GIVEN DATA
+===+

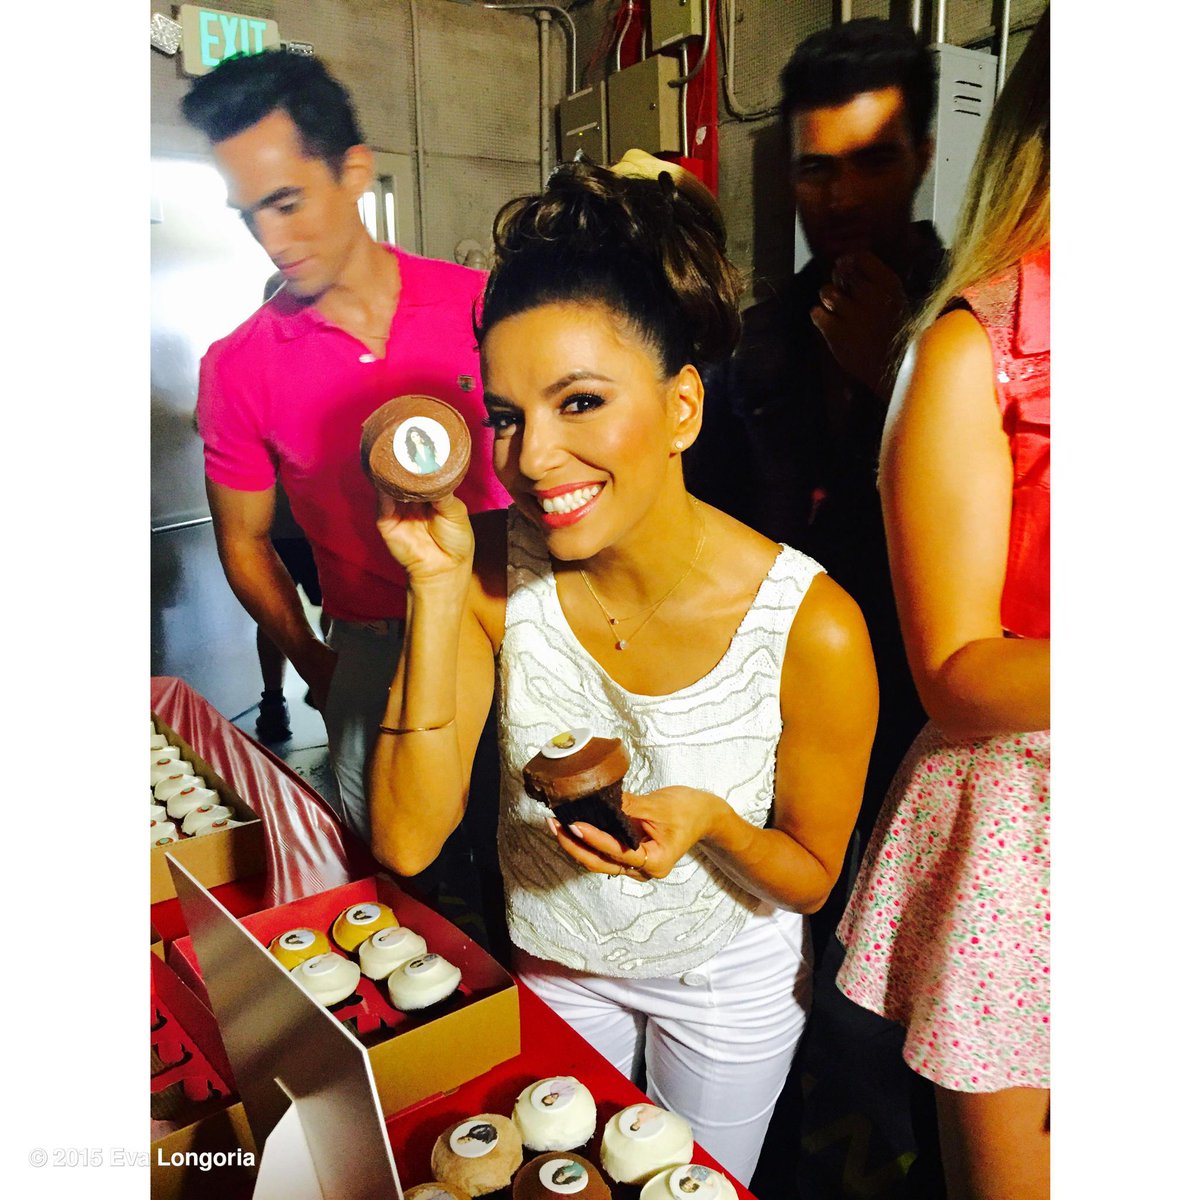 Thanks for making our first day on set so sweet @Sprinkles! #HotandBothered http://t.co/0kOdldTCou
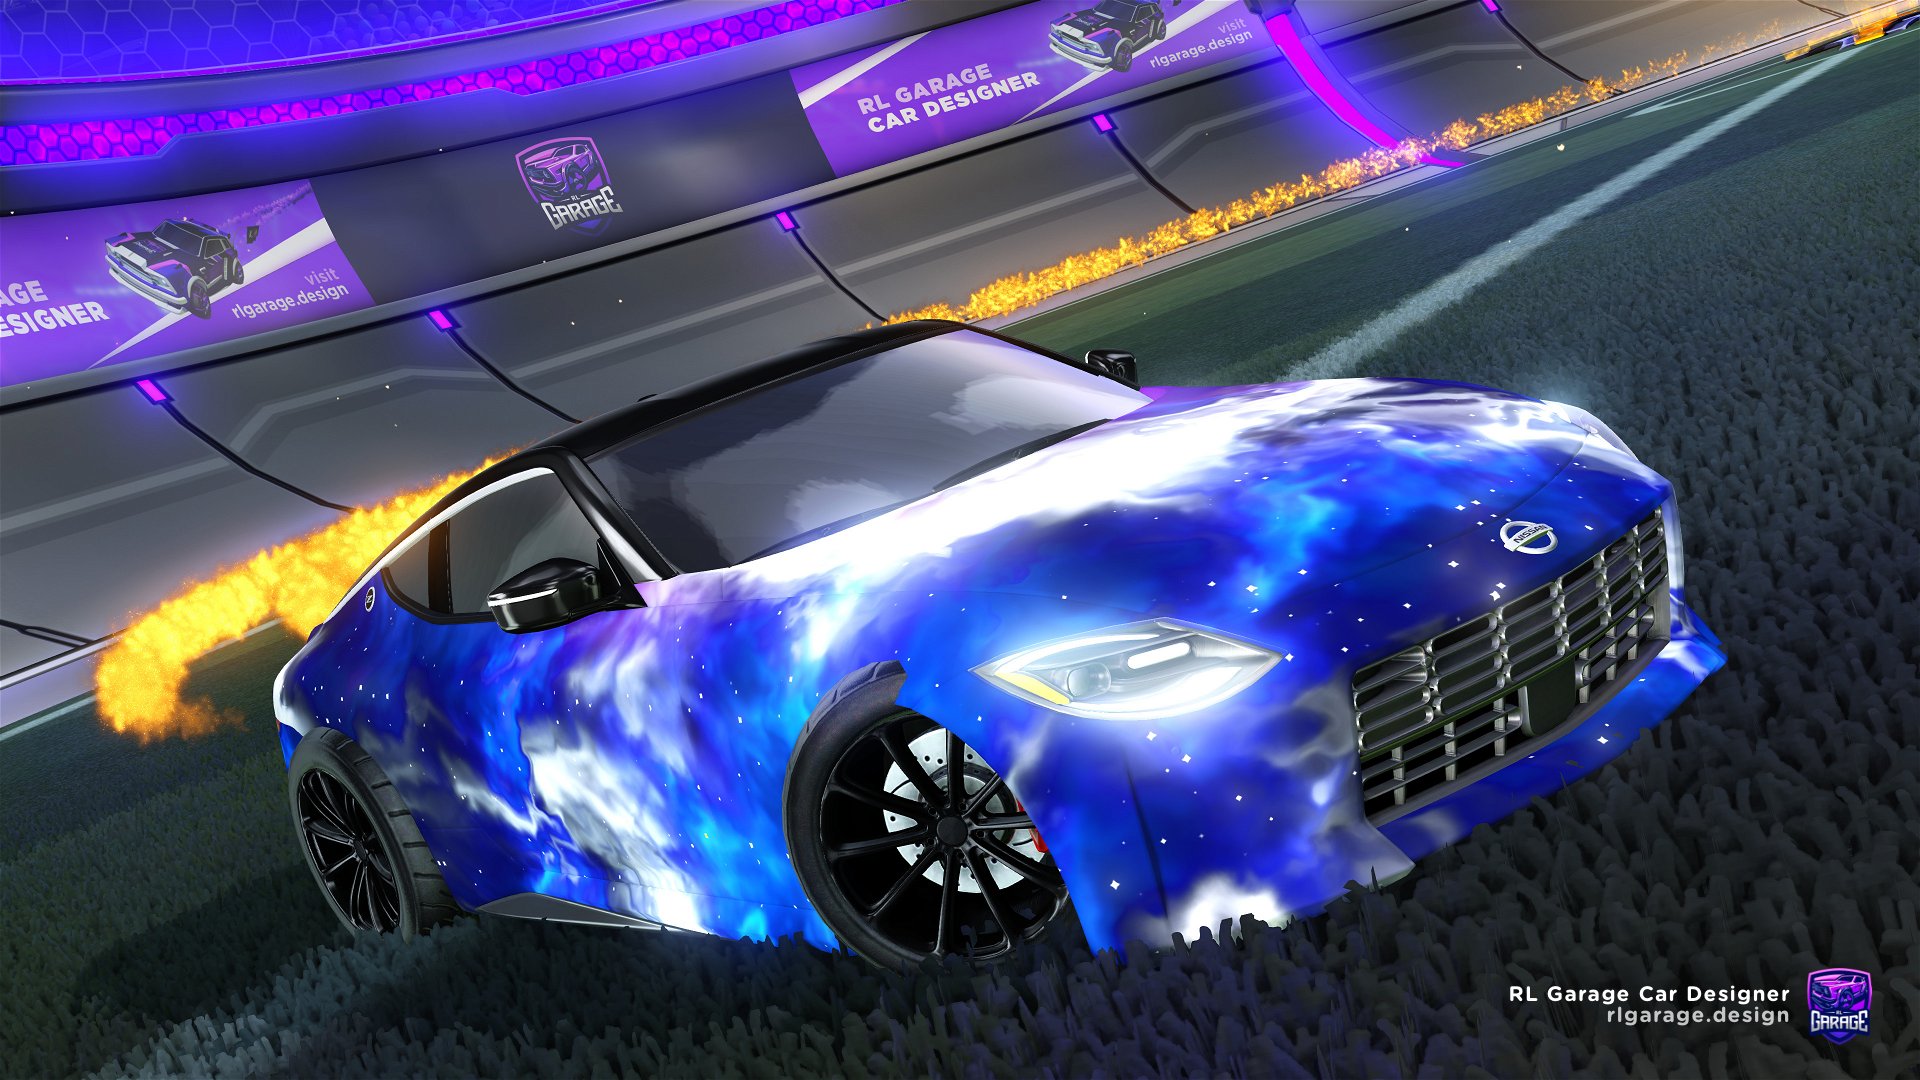 A Rocket League car design by Jplhproplay
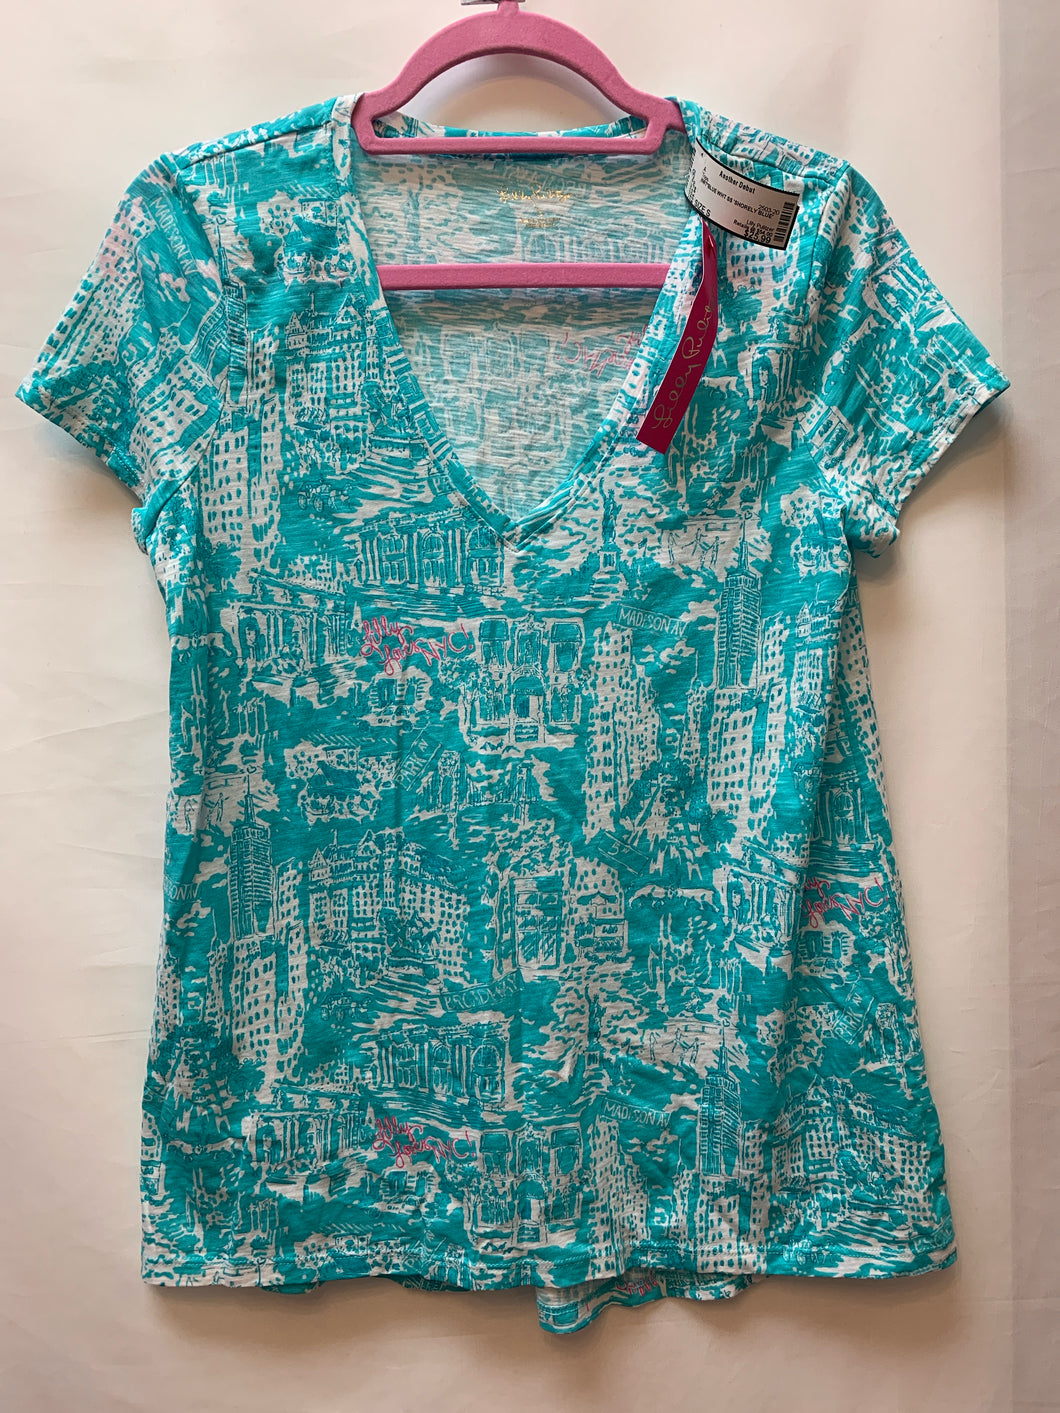 SIZE S Lilly Pulitzer Tops
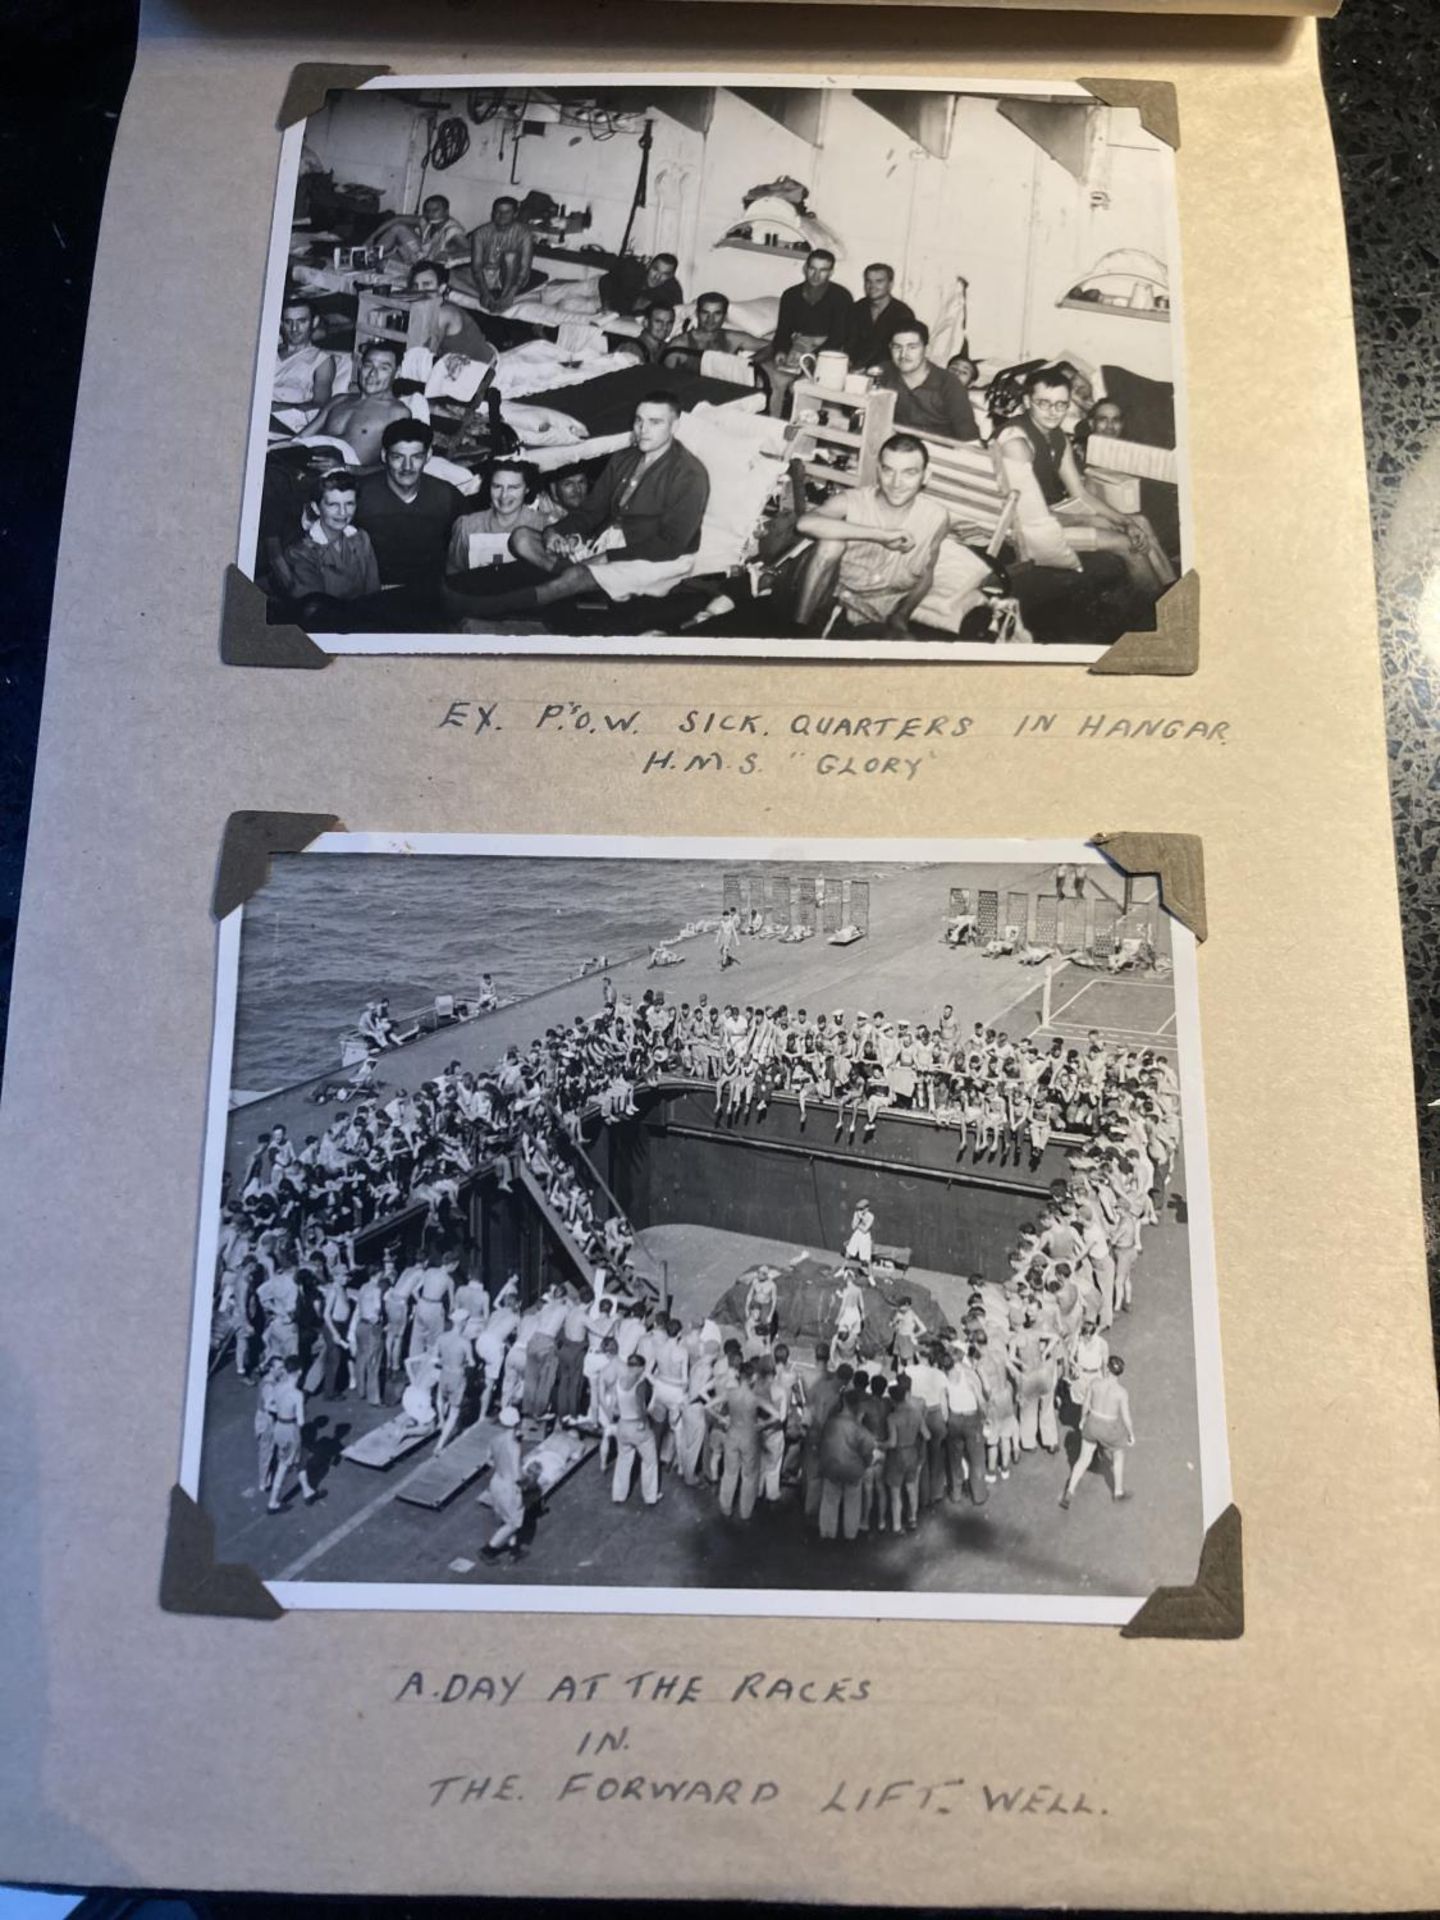 A WORLD WAR II PHOTOGRAPH ALBUM CONTAINING PHOTOGRAPHS OF THE JAPANESE SIGNING OF THE INSTRUMENT - Image 7 of 10

+===+

INSTRUCTIONS TO FOLLOW
Would you set down the listing exactly, omitting pictures?

WRITTEN REPLY
 Thanks for making our first day on set so sweet @Sprinkles! #HotandBothered http://t.co/0kOdldTCou
 A Rocket League car design by Jplhproplay
 SIZE S Lilly Pulitzer Tops
 A WORLD WAR II PHOTOGRAPH ALBUM CONTAINING PHOTOGRAPHS OF THE JAPANESE SIGNING OF THE INSTRUMENT - Image 7 of 10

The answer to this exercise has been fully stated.